Let’s interpret each one step by step using vector addition principles.
---
Problem 1:
```
10 N (up and to the right) + 10 N (up and to the left) = ???
```
Assuming:
- The first vector is 10 N at 45° (diagonally up-right).
- The second vector is 10 N at 135° (diagonally up-left).

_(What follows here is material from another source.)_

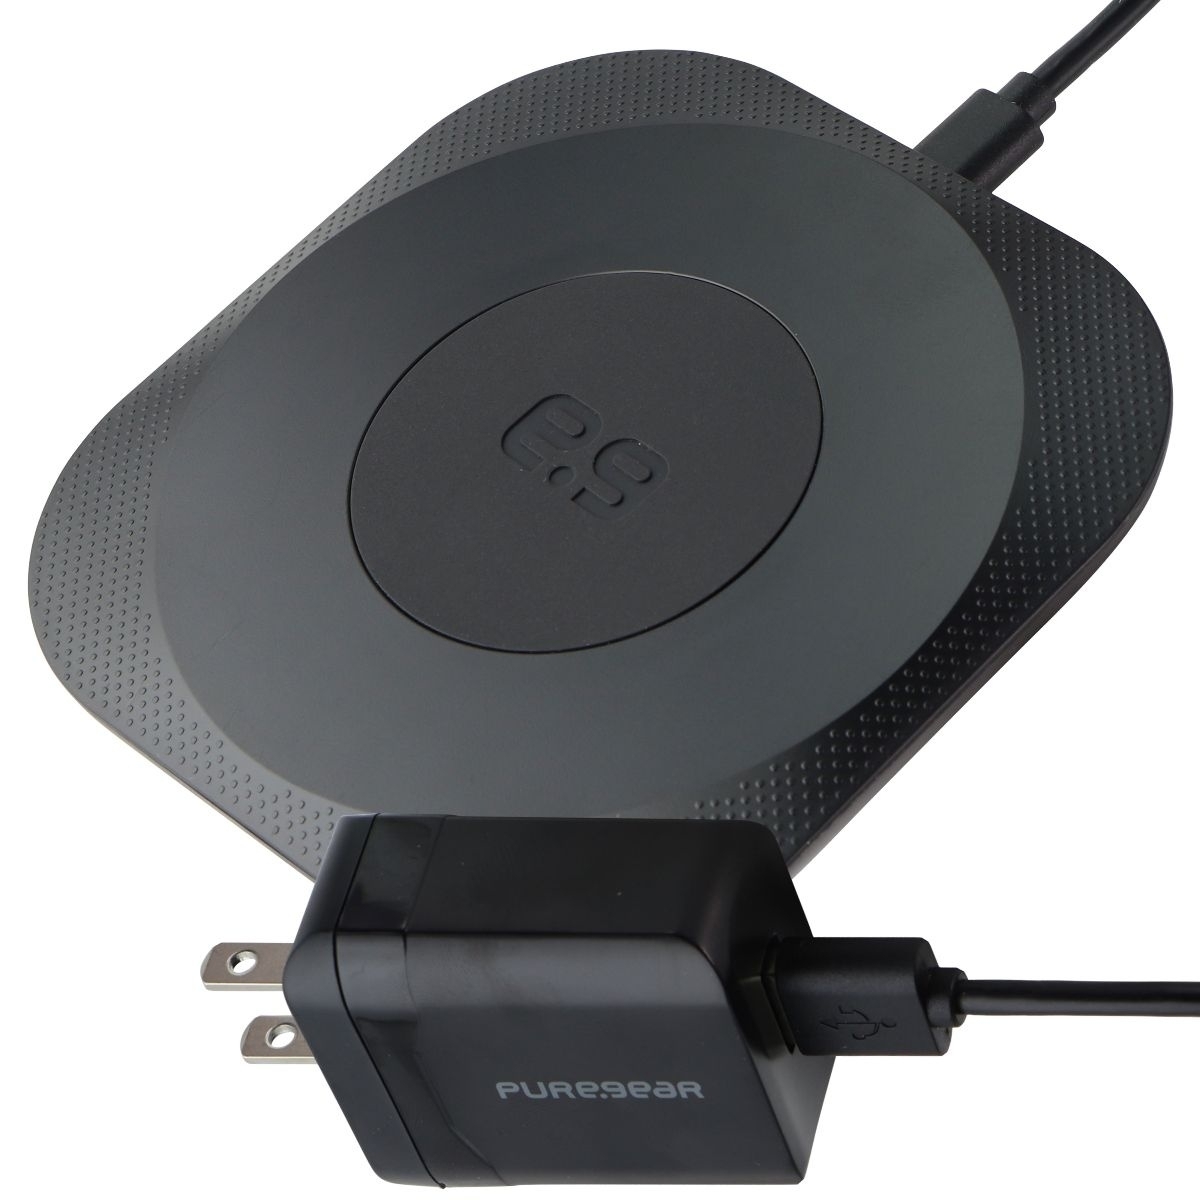 Pure Gear 15W Wireless Charging Pad For Qi Enabled Devices - Black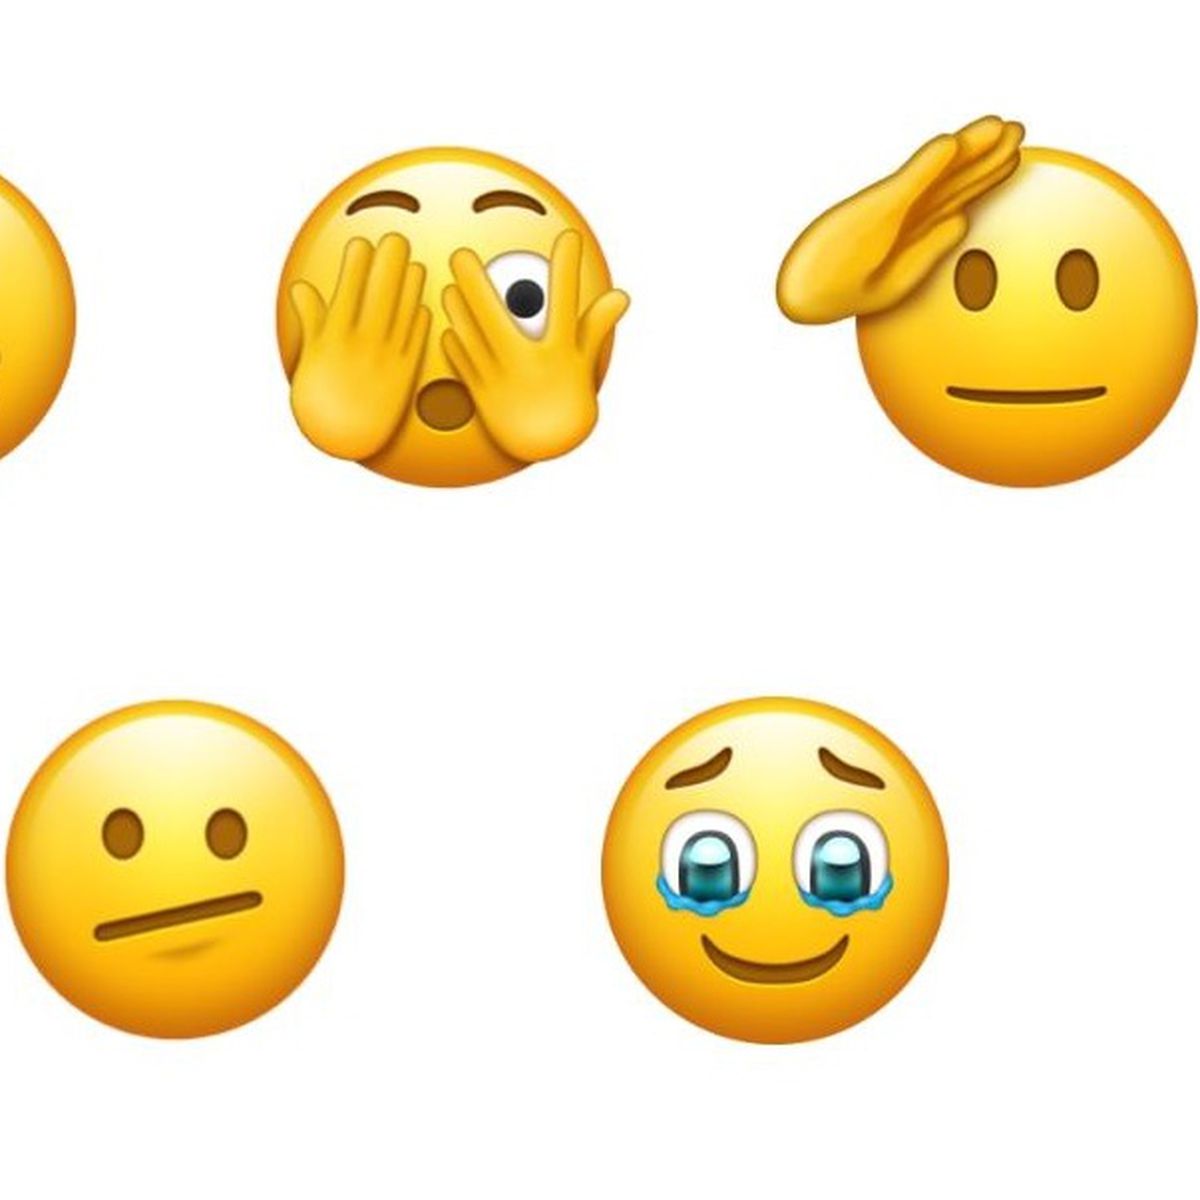 Melting face' and 36 other emojis arrive with Apple's iOS 15.4 beta

These two vectors are symmetric about the vertical axis.
#### Step-by-step:
- Break both into x and y components.
- First vector (45°):
$$
F_{x1} = 10 \cos(45^\circ) = 10 \cdot \frac{\sqrt{2}}{2} \approx 7.07\, \text{N} \\
F_{y1} = 10 \sin(45^\circ) = 10 \cdot \frac{\sqrt{2}}{2} \approx 7.07\, \text{N}
$$
- Second vector (135°):
$$
F_{x2} = 10 \cos(135^\circ) = 10 \cdot (-\frac{\sqrt{2}}{2}) \approx -7.07\, \text{N} \\
F_{y2} = 10 \sin(135^\circ) = 10 \cdot \frac{\sqrt{2}}{2} \approx 7.07\, \text{N}
$$
Now add:
- Total x-component: $ 7.07 + (-7.07) = 0 $
- Total y-component: $ 7.07 + 7.07 = 14.14\, \text{N} $
So the resultant is:
$$
\boxed{14.14\, \text{N upward}} \quad (\text{along the positive y-axis})
$$
---
Problem 2:
```
10 N (up and to the right) + 10 N (leftward) = ???
```
Assume:
- First vector: 10 N at 45° → same as before: $ F_x = 7.07\, \text{N}, F_y = 7.07\, \text{N} $
- Second vector: 10 N to the left → $ F_x = -10\, \text{N}, F_y = 0 $
Add components:
- $ F_x = 7.07 + (-10) = -2.93\, \text{N} $
- $ F_y = 7.07 + 0 = 7.07\, \text{N} $
Now find magnitude:
$$
R = \sqrt{(-2.93)^2 + (7.07)^2} = \sqrt{8.58 + 50.0} \approx \sqrt{58.58} \approx 7.65\, \text{N}
$$
Direction:
$$
\theta = \tan^{-1}\left(\frac{7.07}{-2.93}\right) \approx \tan^{-1}(-2.41) \approx 116^\circ \text{ from positive x-axis}
$$
So the resultant is approximately:
$$
\boxed{7.65\, \text{N at } 116^\circ} \quad (\text{up and to the left})
$$
---
Problem 3:
```
10 N (up and to the right) + 5 N (rightward) = ???
```
First vector: 10 N at 45° → $ F_x = 7.07\, \text{N}, F_y = 7.07\, \text{N} $
Second vector: 5 N to the right → $ F_x = 5\, \text{N}, F_y = 0 $
Add:
- $ F_x = 7.07 + 5 = 12.07\, \text{N} $
- $ F_y = 7.07 + 0 = 7.07\, \text{N} $
Magnitude:
$$
R = \sqrt{(12.07)^2 + (7.07)^2} = \sqrt{145.68 + 50.0} \approx \sqrt{195.68} \approx 14.0\, \text{N}
$$
Direction:
$$
\theta = \tan^{-1}\left(\frac{7.07}{12.07}\right) \approx \tan^{-1}(0.585) \approx 30.3^\circ \text{ above x-axis}
$$
So the resultant is approximately:
$$
\boxed{14.0\, \text{N at } 30.3^\circ} \quad (\text{up and to the right})
$$
---
✔ Final Answers:
1. 14.14 N upward
2. 7.65 N at 116° (or ~26° above negative x-axis)
3. 14.0 N at 30.3° (above positive x-axis)
> ⚠️ Note: These assume the diagonal vectors are at 45°. If the angles differ (e.g., not exactly 45°), please specify. But for typical textbook diagrams, this assumption is standard.
Let me know if you'd like a diagram or explanation using graphical methods!
Parent Tip: Review the logic above to help your child master the concept of adding and subtracting vectors worksheet.